The U.S. economy remains the anomaly among mature and emerging markets in its relative stability despite global economic uncertainty.

The domestic economy has weathered a number of potential shocks throughout the first half of 2016. However, year-to-date growth in GDP, jobs and other economic indicators have been less consistent than in 2014 and 2015, with employment gains varying increasingly on a monthly basis and inflation stubbornly low due to the slump in oil and energy prices.

JLL's Law Firm Outlook 2016
Real estate market still tight, but at a turning point

As a lagging indicator that follows the economy, the U.S. office market continues to move steadily throughout the real estate cycle, with the Trophy and CBD Class A segments in particular outperforming across most economic metrics.
Over the past six quarters, sustained demand has chipped away at some of the last remaining large blocks of quality space, giving landlords the opportunity to push rents at double-digit rates in many geographies. At the same time, the diversity of demand and changing industry drivers such as tech, digital media and other creative companies have in many cases eschewed more traditional top-tier space, providing some relief for law firms.

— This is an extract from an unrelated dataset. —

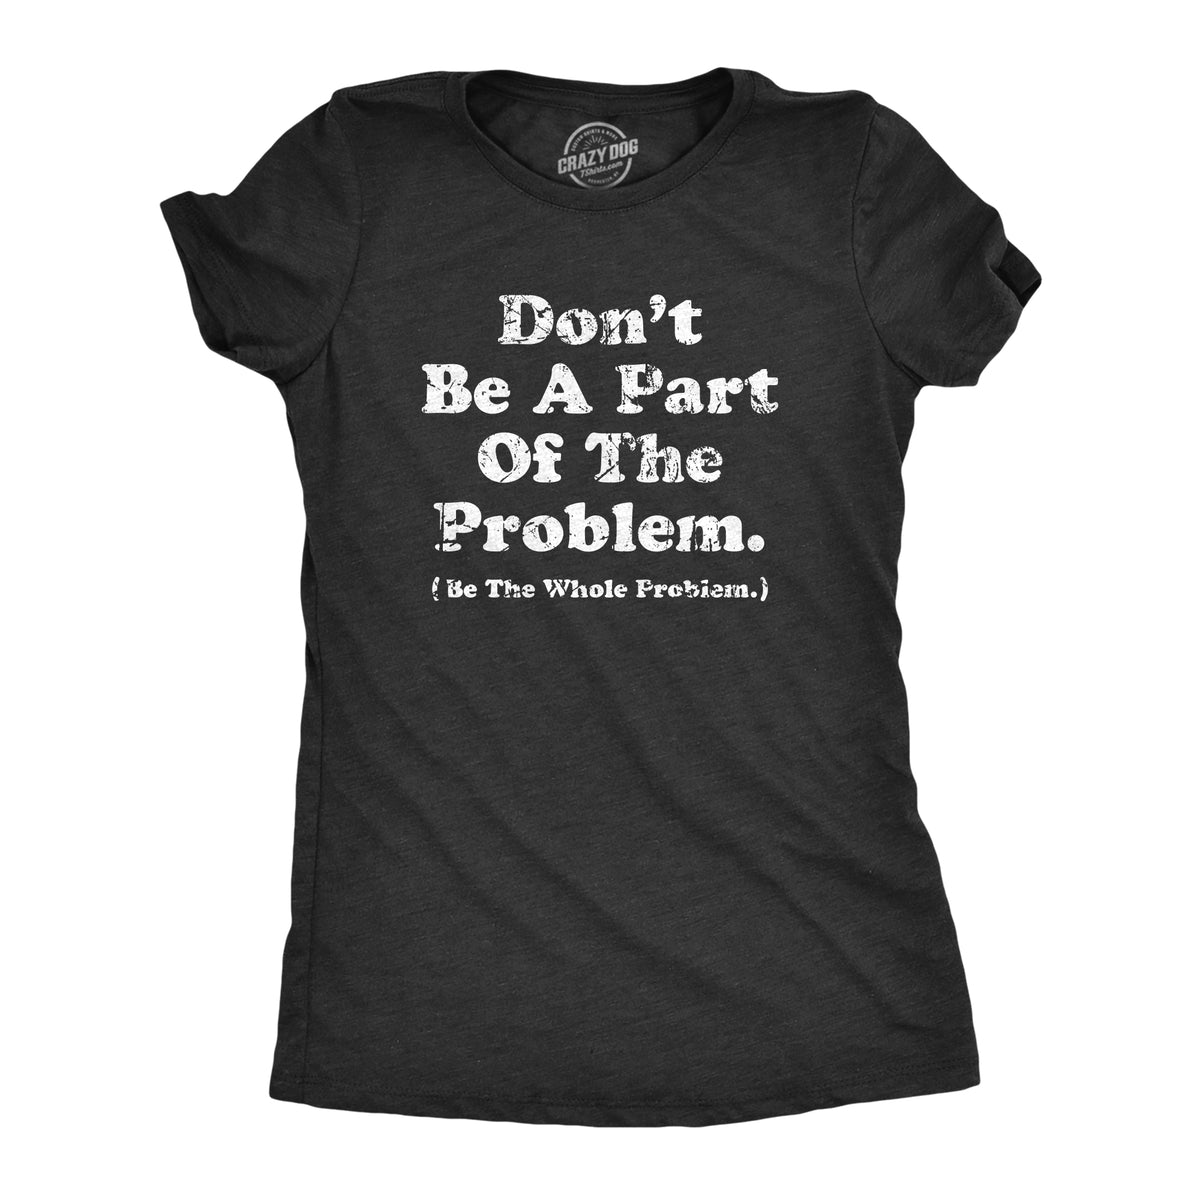 Funny Heather Black - PROBLEM Dont Be A Part Of The Problem Be The Whole Problem Womens T Shirt Nerdy Sarcastic Tee

Rightsizing has been aggressive, and more is to come

Tighter financial scrutiny, less reliable gross revenue and profit growth and rising real estate costs have all played a role in firms’ aggressive rightsizing and efficiency measures during the current cycle. Benchmarking figures collected across more than 40 markets demonstrate a sharp drop
in square feet per attorney from a historical average of 976 square feet to its current level of 760 square feet, a savings of 22.2 percent for a typical firm. As rents have risen faster than tenants can trim down on space, annual U.S. aggregate rent per attorney rates have fallen by 12.1 percent from $38,535 to $33,879.